Of course, a bidirectional wireless radio communication subsystem
is required to establish an audio or data channel between a base
station 402 of one cell and a radiotelephone 403 located in that
cell. As illustrated in very simplified form in FIG. 4, such a
bidirectional wireless radio communication subsystem typically
comprises in the radiotelephone 403:
a transmitter 406 including: an encoder 407 for encoding the voice
signal; and a transmission circuit 408 for transmitting the encoded
voice signal from the encoder 407 through an antenna such as 409;
and
a receiver 410 including: a receiving circuit 411 for receiving a
transmitted encoded voice signal usually through the same antenna
409; and a decoder 412 for decoding the received encoded voice
signal from the receiving circuit 411.
The radiotelephone further comprises other conventional
radiotelephone circuits 413 to which the encoder 407 and decoder
412 are connected and for processing signals therefrom, which
circuits 413 are well known to those of ordinary skill in the art
and, accordingly, will not be further described in the present
specification.
Also, such a bidirectional wireless radio communication subsystem
typically comprises in the base station 402:
a transmitter 414 including: an encoder 415 for encoding the voice
signal; and a transmission circuit 416 for transmitting the encoded
voice signal from the encoder 415 through an antenna such as 417;
and
a receiver 418 including: a receiving circuit 419 for receiving a
transmitted encoded voice signal through the same antenna 417 or
through another antenna (not shown); and a decoder 420 for decoding
the received encoded voice signal from the receiving circuit
419.
The base station 402 further comprises, typically, a base station
controller 421, along with its associated database 422, for
controlling communication between the control terminal 405 and the
transmitter 414 and receiver 418.
As well known to those of ordinary skill in the art, voice encoding
is required in order to reduce the bandwidth necessary to transmit
sound signal, for example voice signal such as speech, across the
bidirectional wireless radio communication subsystem, i.e., between
a radiotelephone 403 and a base station 402.

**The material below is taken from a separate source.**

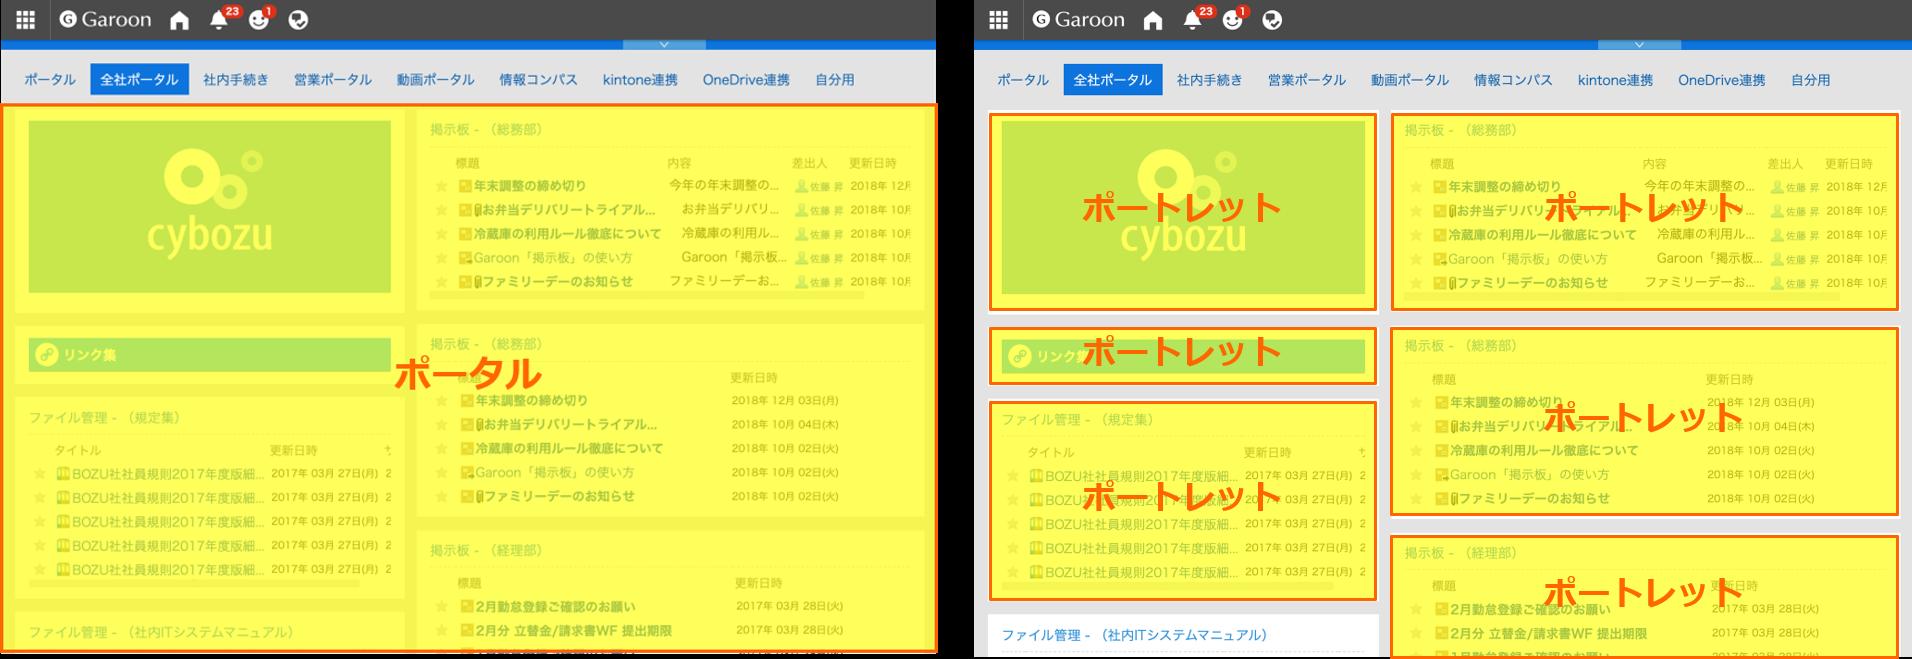 https://enterprise.cybozu.co.jp/b677966546245cebd376568863178d601bf10ebb.png

LP voice encoders (such as 415 and 407) typically operating at 13
kbits/second and below such as Code-Excited Linear Prediction
(CELP) encoders typically use a LP synthesis filter to model the
short-term spectral envelope of the voice signal. The LP
information is transmitted, typically, every 10 or 20 ms to the
decoder (such 420 and 412) and is extracted at the decoder end.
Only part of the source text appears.